**Records from a dataset:**
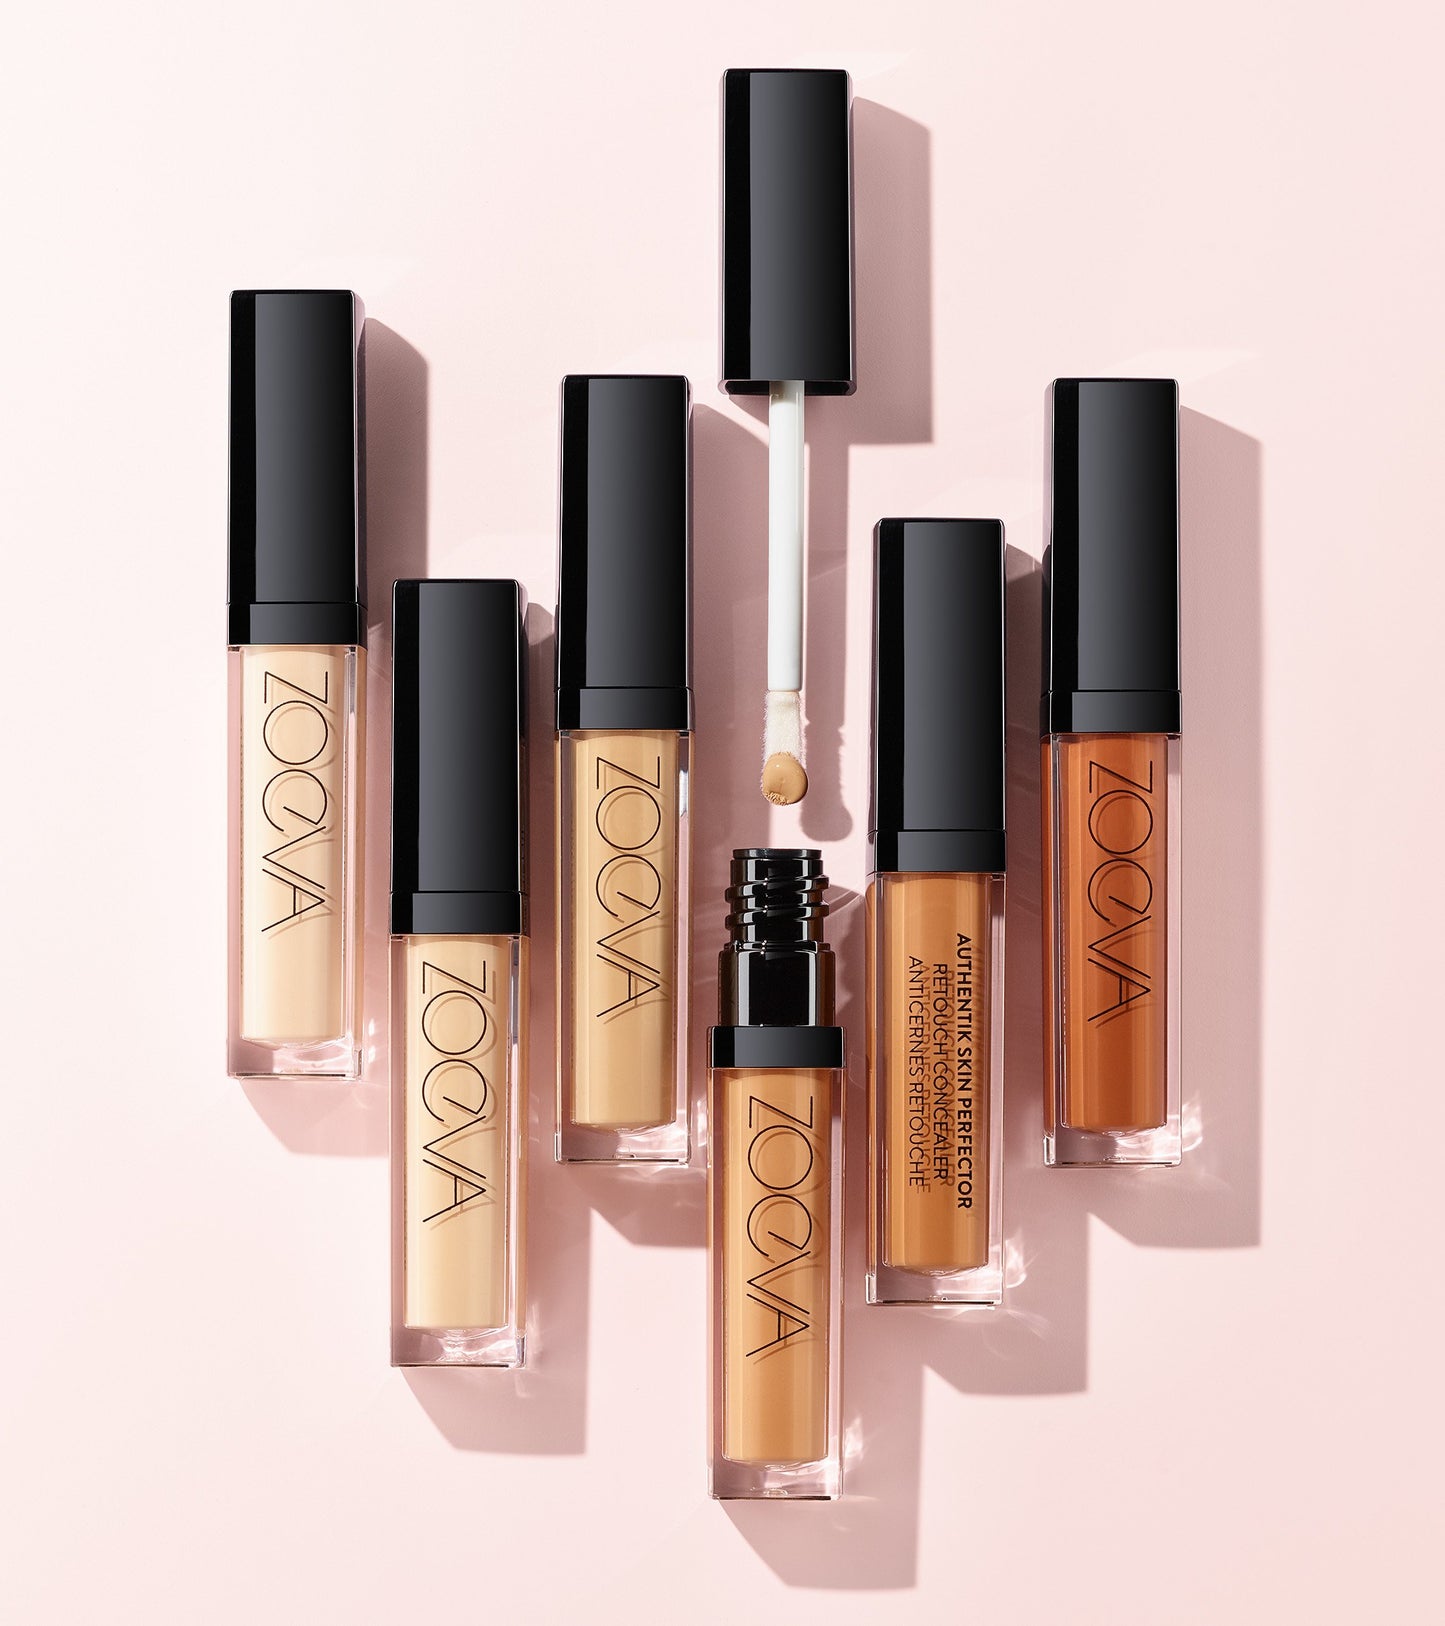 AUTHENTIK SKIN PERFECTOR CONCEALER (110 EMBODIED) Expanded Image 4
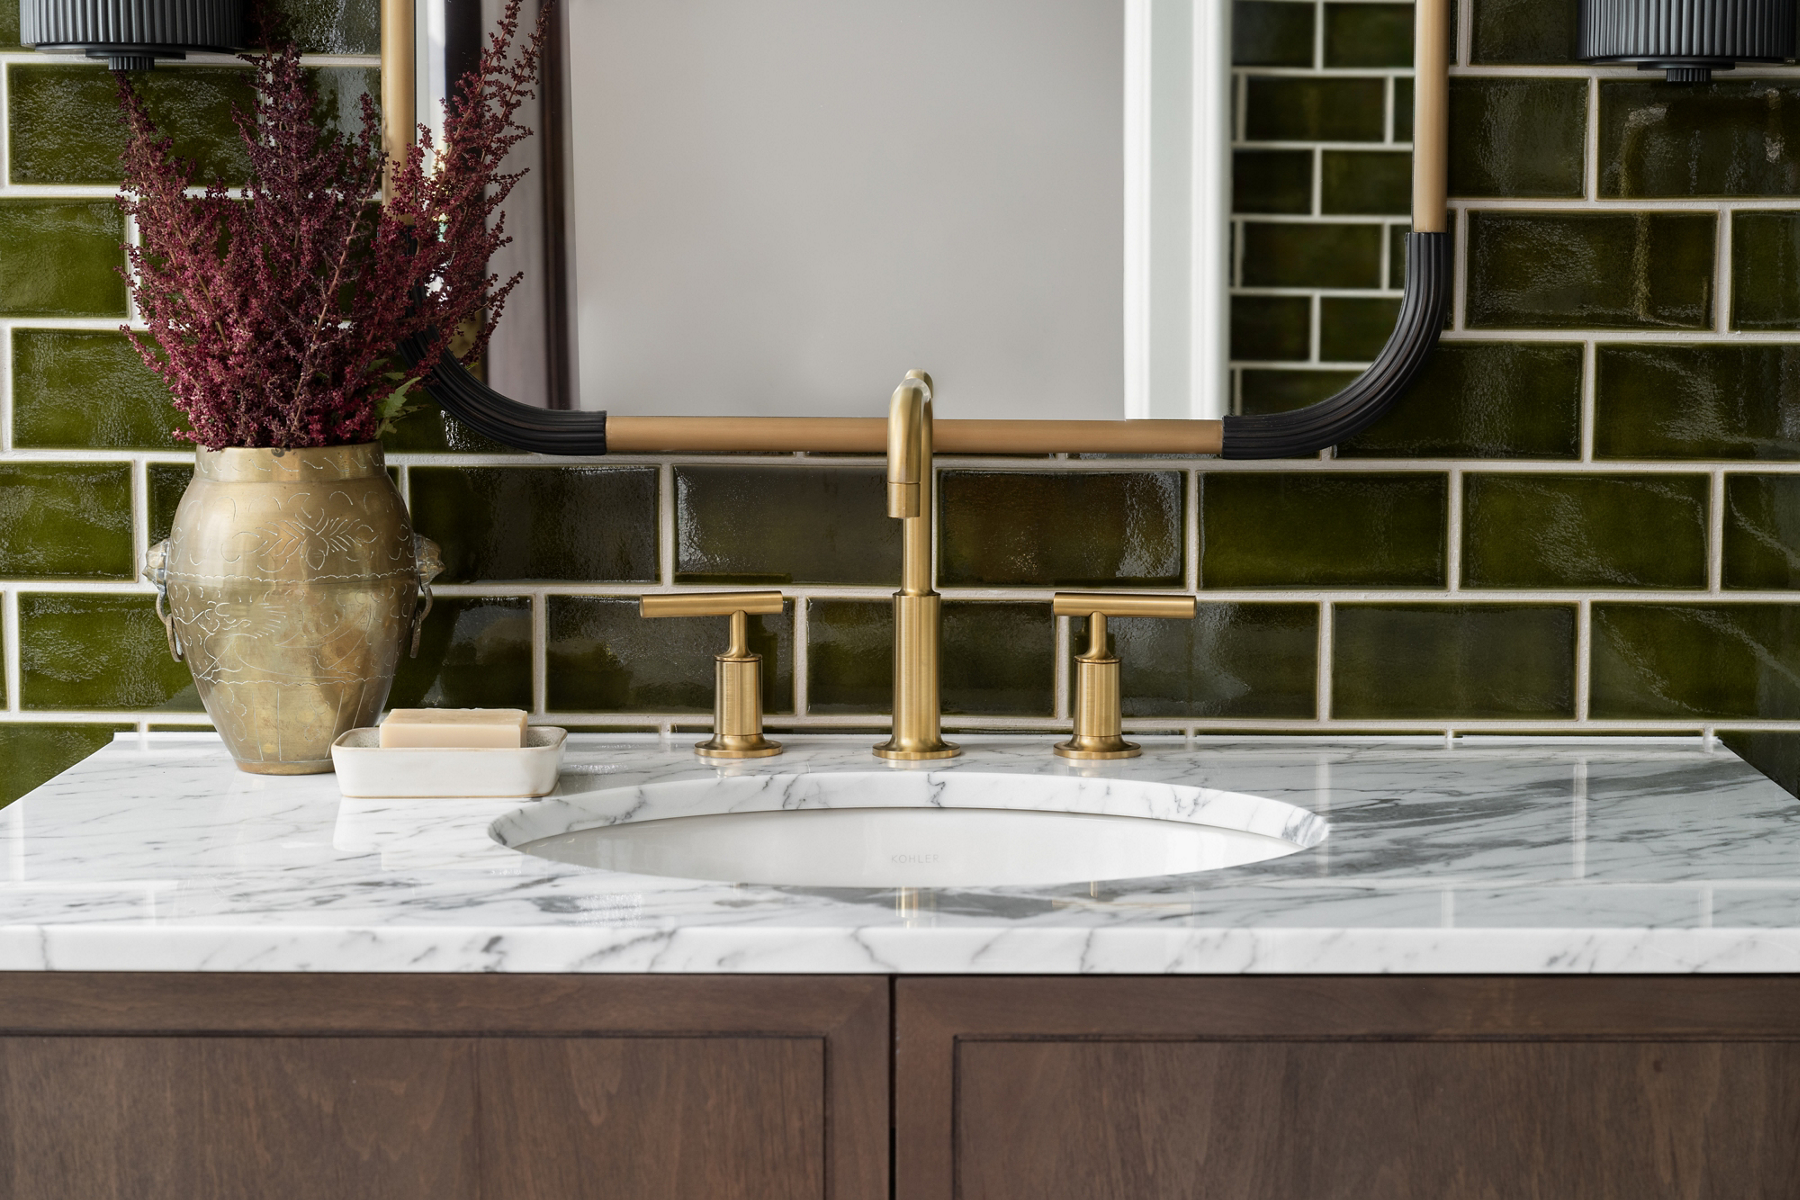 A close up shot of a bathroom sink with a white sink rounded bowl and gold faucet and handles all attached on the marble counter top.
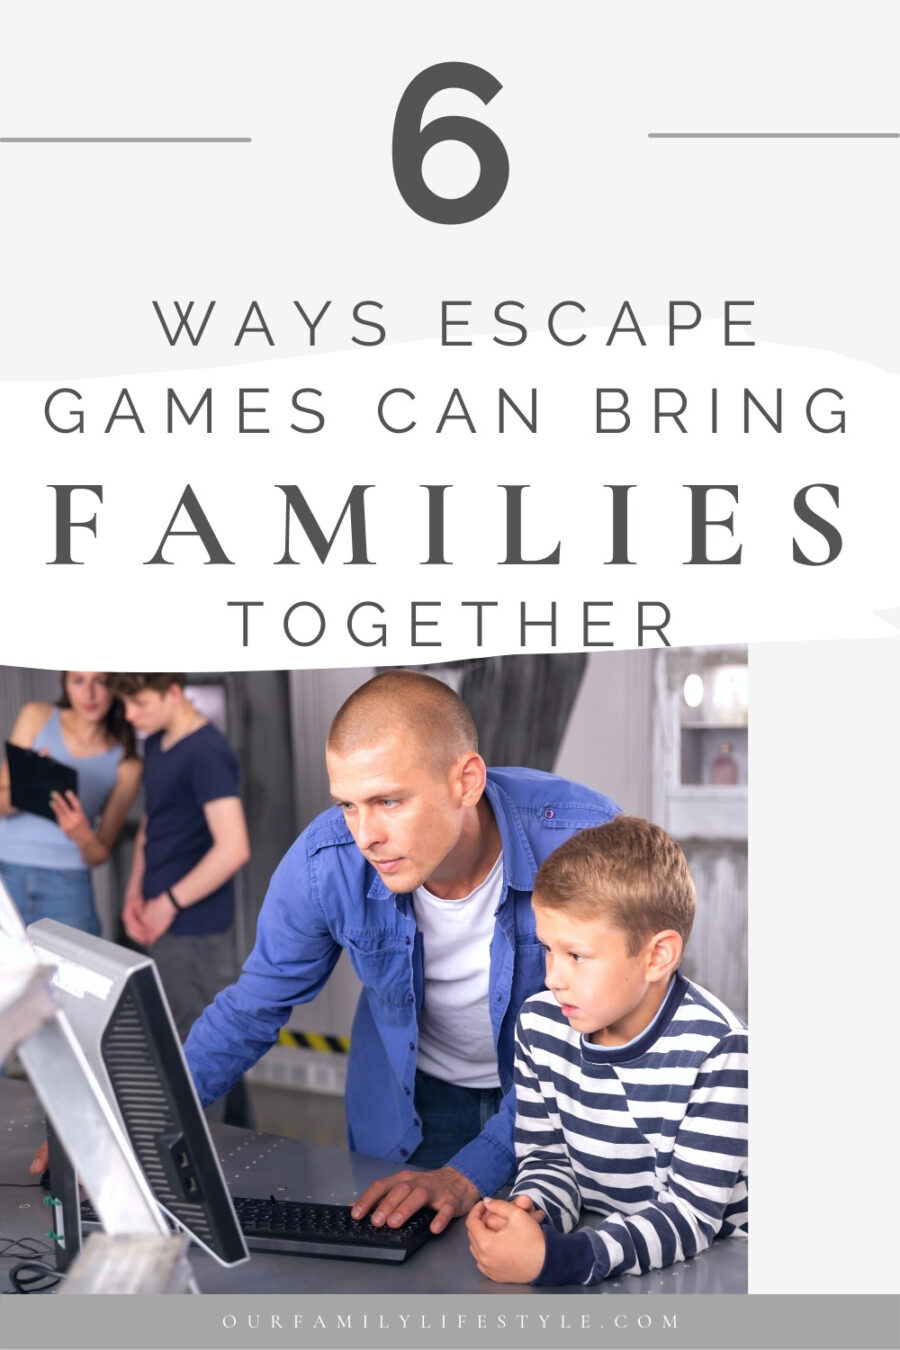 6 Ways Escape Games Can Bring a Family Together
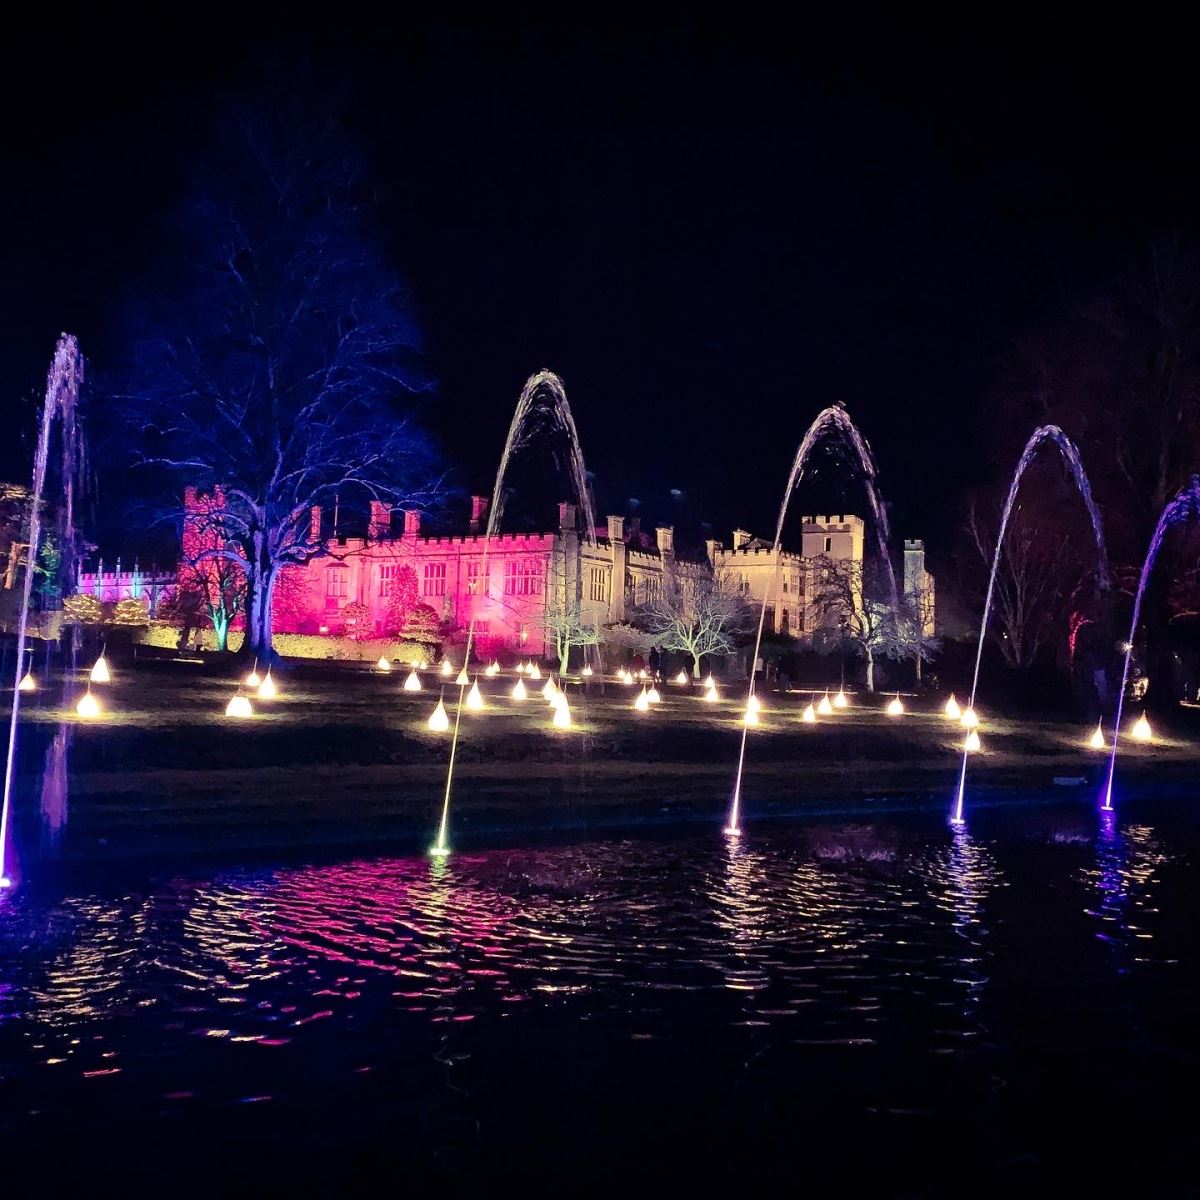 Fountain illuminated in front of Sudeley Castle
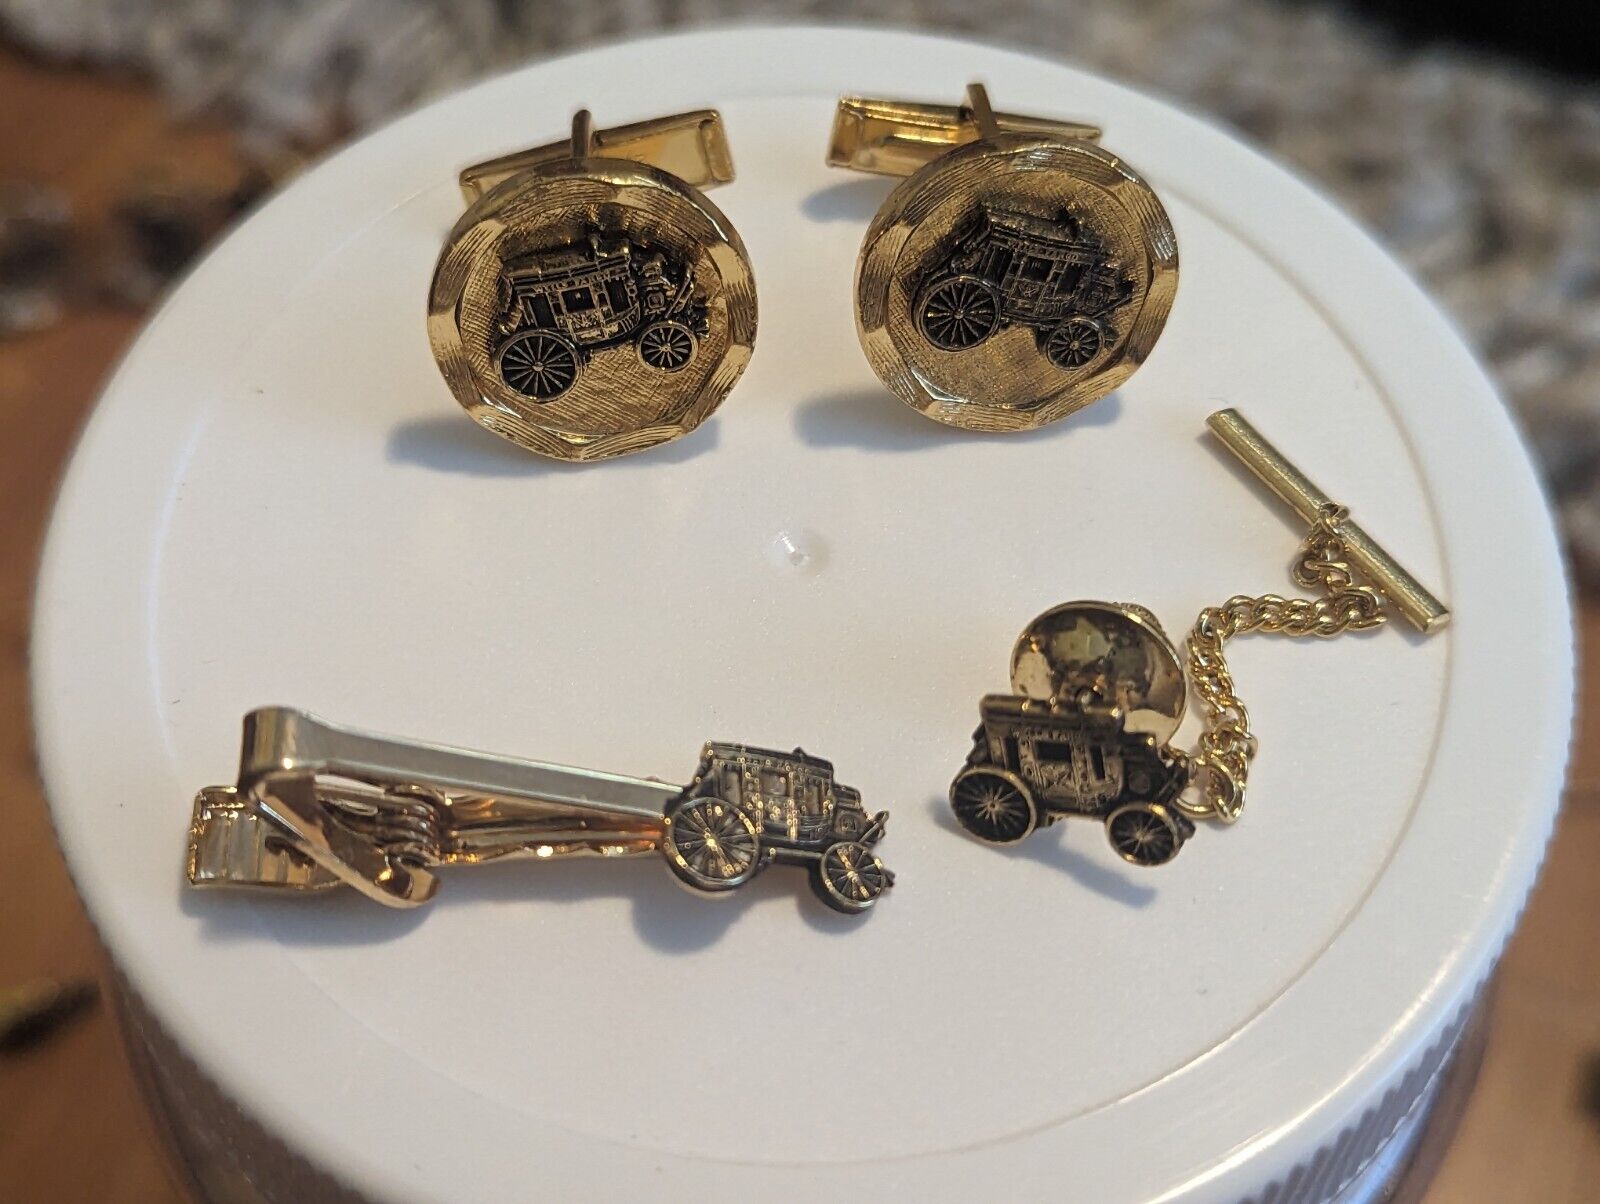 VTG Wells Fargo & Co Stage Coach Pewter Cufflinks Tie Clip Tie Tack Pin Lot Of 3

**TO DO:** Both the line above containing "A close up shot" and the line containing "Fountain illuminated in" belong in the copy, along with every line between them; print these exactly and omit the pictures.

**RESULT OF THIS EXERCISE:**
 A close up shot of a bathroom sink with a white sink rounded bowl and gold faucet and handles all attached on the marble counter top.
 6 Ways Escape Games Can Bring a Family Together
 Fountain illuminated in front of Sudeley Castle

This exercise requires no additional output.